Anthony Burgess’s autobiography, Little Wilson and Big God, gives a good account of student life in the 1930s. It includes the excitement of working with the dramatist Joan Littlewood, who later became famous for the Theatre Workshop, and her Manchester partner, Ewan MacColl, later well known as a folk singer. John Burgess Wilson, as he then was, also wrote for The Serpent, the student magazine, contributing verse and critical articles as World War II approached.

The Students’ Union Coffee Bar, 1944
The Students’ Union Coffee Bar, 1944

The 1909 building was demolished in the late 1950s to make way for a staff and student refectory, connected with the Moberley Tower student residence. This complex was itself largely demolished after Project Unity in 2004 – all but a concrete frame, around which the Alan Gilbert Learning Commons was built and opened in 2013, remained.

The history of organised sport began with a college gym to the rear of the Quay Street building. The college colour, purple, was adopted before the move to Oxford Road, and the (men’s) Athletic Union was formed in 1885, including cricket, lacrosse, lawn tennis and rugby. But most of the students lived at home and many preferred to play for their local clubs, rather than the College. In 1900 the Firs Pavilion and Fallowfield Sports Ground was opened, and a women’s athletic union was begun, primarily for hockey. The athletic unions at Owens College and, later, the Victoria University of Manchester often shared facilities with students at Manchester Municipal College of Technology, later UMIST, now the north campus. For swimmers there was the McDougall Centre, about 100 metres to the west of the main campus, built as an equestrian centre but with a 25-metre pool from the 1920s and a gymnasium.
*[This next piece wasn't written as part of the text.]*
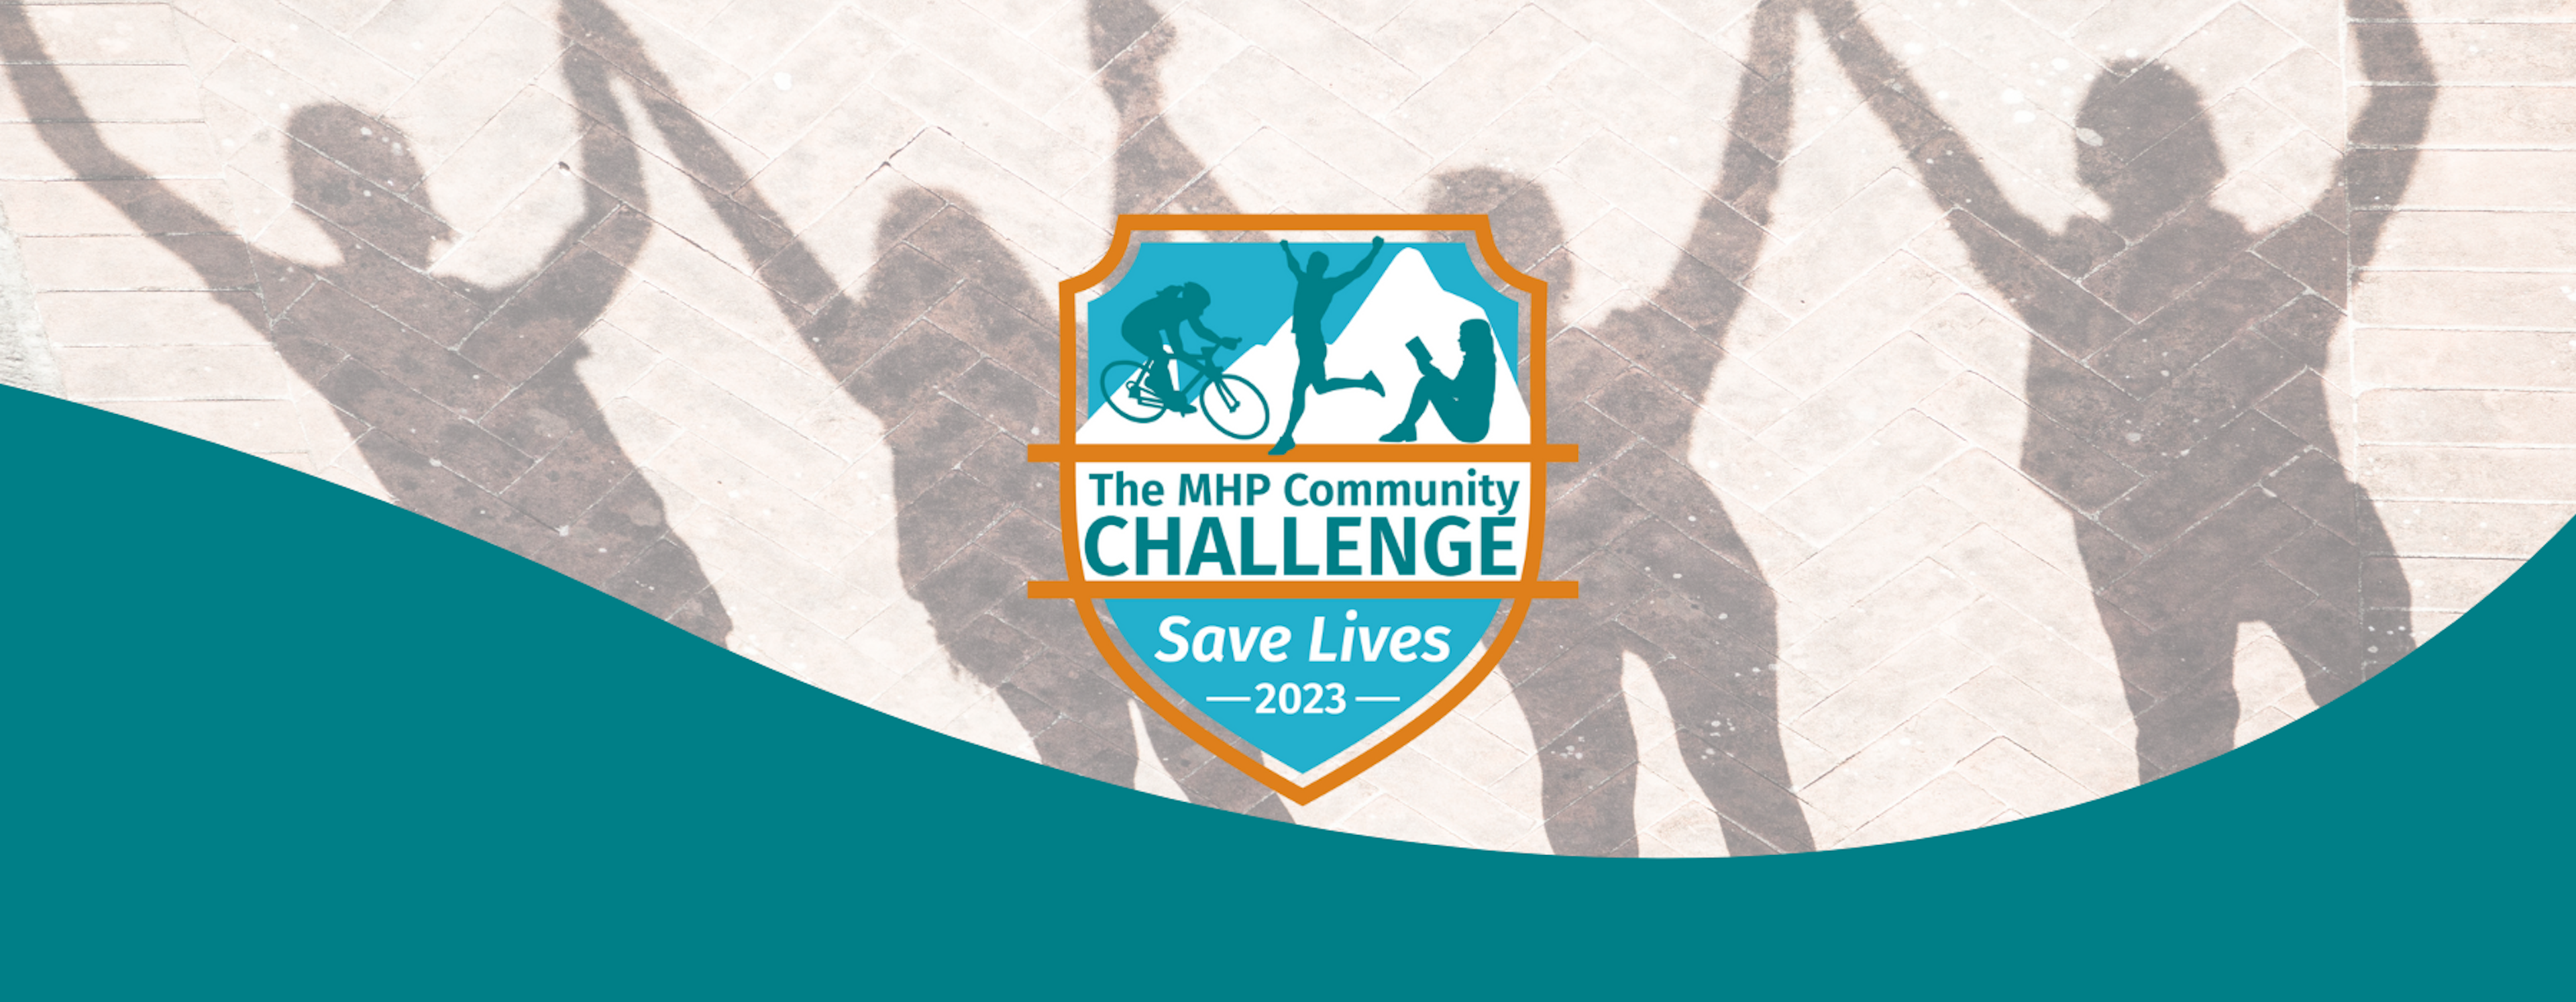 Help Save Lives Join the Challenge: Shadows of people holding hands. MHP Community challenge logo.

The Men and Women’s Unions remained separate until the mid-1950s, when Manchester was probably the last university segregated in this way. They merged to plan a new union building – the present home of the Students' Union – which was designed by John Somerville Beaumont in a modernist style, and opened in 1957. Anna Ford, later a well-known broadcaster, was the first woman to serve a full year as president of the joint union.